换药是个辛苦活,对受伤的人来说无异于再脱一层皮,他不想让她看到自己狼狈的样子,她便出来等着,这没什么大不了。

    可谁让他这般忍痛了!她听长栋说,昨儿抬回来的时候,满身都是血,衣袍上压根没有一处能落眼的干净地方了。

    饶是如此,上药的时候他也没有哼一声。

    可她呢,向来压不住自己的情绪,憋笑憋不过一息时间,憋眼泪也憋不过片刻,一有个小病小痛就恨不得嚎啕大哭,那样才痛快,忍着得多难受多辛苦啊。

    里头越是没动静,她心里便越慌张,心脏被人揪紧了一样,喘不过气来。

    回廊有凉风盈袖,原本是舒舒服服的地方,可见喜却出了一身的汗。

    她叹了口气,目光飘过眼前人,忍不住问:妃梧姐姐,昨儿你可见到厂督后背的伤了,是不是很重?

    妃梧摇摇头说没有,督主一回来,太医紧跟着便过来了,屋内只留着几个医师和长栋在里头伺候,督主不要奴婢们进去。

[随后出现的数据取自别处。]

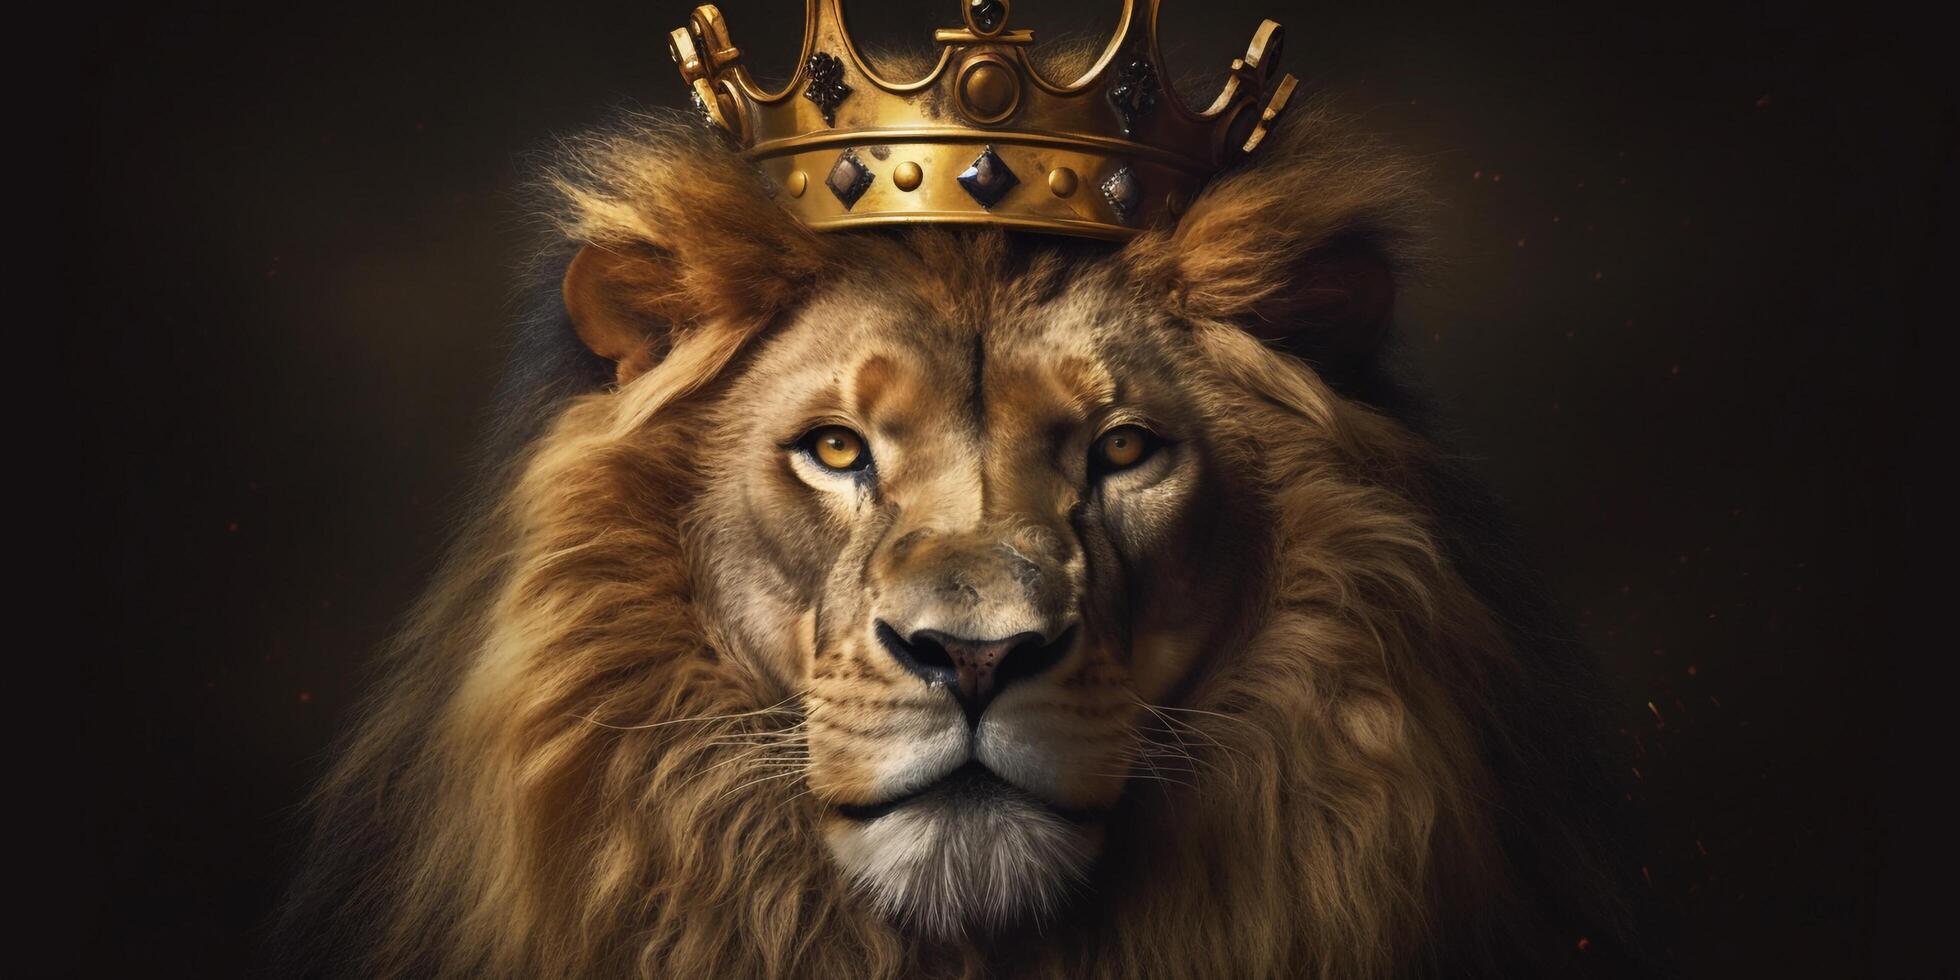 león Rey en un dorado corona en un oscuro antecedentes con ai generado. foto

    见喜眨眨眼,若有所思地哦了声:是府中所有的姐姐们都没进去吗?

    妃梧自然明白她的意思,颔首应了个是,想想又道:这么多年,督主都是一个人过来的,从未有过婢子近身伺候,夫人放心。

    见喜被戳穿心思,面上有些尴尬起来,硬着脖子解释说:我不是这个意思,只是怕厂督受了伤,气性大,一个不高兴让满屋子的人跟着陪葬。

    至于妃梧说的,拈酸吃醋这种事是不可能发生在她身上的!

    皇宫大内成千上万的宫女,不都是伺候陛下的么,也没见贤妃娘娘吃味儿。

    她只是觉得,若是旁的姑娘瞧见了厂督的后背,可她却没瞧见,心里就像是缺了一块似的,多少有些遗憾。

    好吧,她承认,她还是有那么一点点小心眼的。

    膝盖屈起来久了,有点疼得伸不直的感觉,她悄悄撩开裤腿看了一眼,青一块紫一块,跟打翻了染料似的,比昨儿还要严重许多。

    妃梧垂眼一瞧,惊得一怔:夫人怎么把自己弄成这样?奴婢给您找金疮药来擦一擦吧。

    见喜赶忙摆手,小声道:我自个磕的,你别声张。

    妃梧皱了皱眉,往里面瞧一眼:正好这会太医在这,让太医瞧瞧?

    见喜伸手拦住她:别别别,这是昨儿在养心殿跪出来的伤,陛下在与人议事,压根儿没要我跪着,是我自己犯傻,怕陛下觉得我不够诚心,不准我出宫。这要是被厂督知道,会误以为陛下罚我呢,若是因此对陛下生了怨怼,那我便是罪人了。

    妃梧有些无奈:可这也不能不上药啊。

    见喜揉了揉膝盖,小声道:药味浓郁,厂督肯定能闻得出来,这不就露馅儿了嘛。这点小伤你知道的,过几日自己便好了。小时候我就是这么跌跌撞撞长大的,那时候连饭都没得吃,更别提用药了,我不也这么过来了嘛。

    见她坚持,妃梧只好作罢。

    此事若放在旁人身上,说不准要含情凝涕地跑到自家夫君面前撒个娇、招招人心疼,可夫人竟能想到督主与陛下会不会因此离心。妃梧对此倒是有几分讶异。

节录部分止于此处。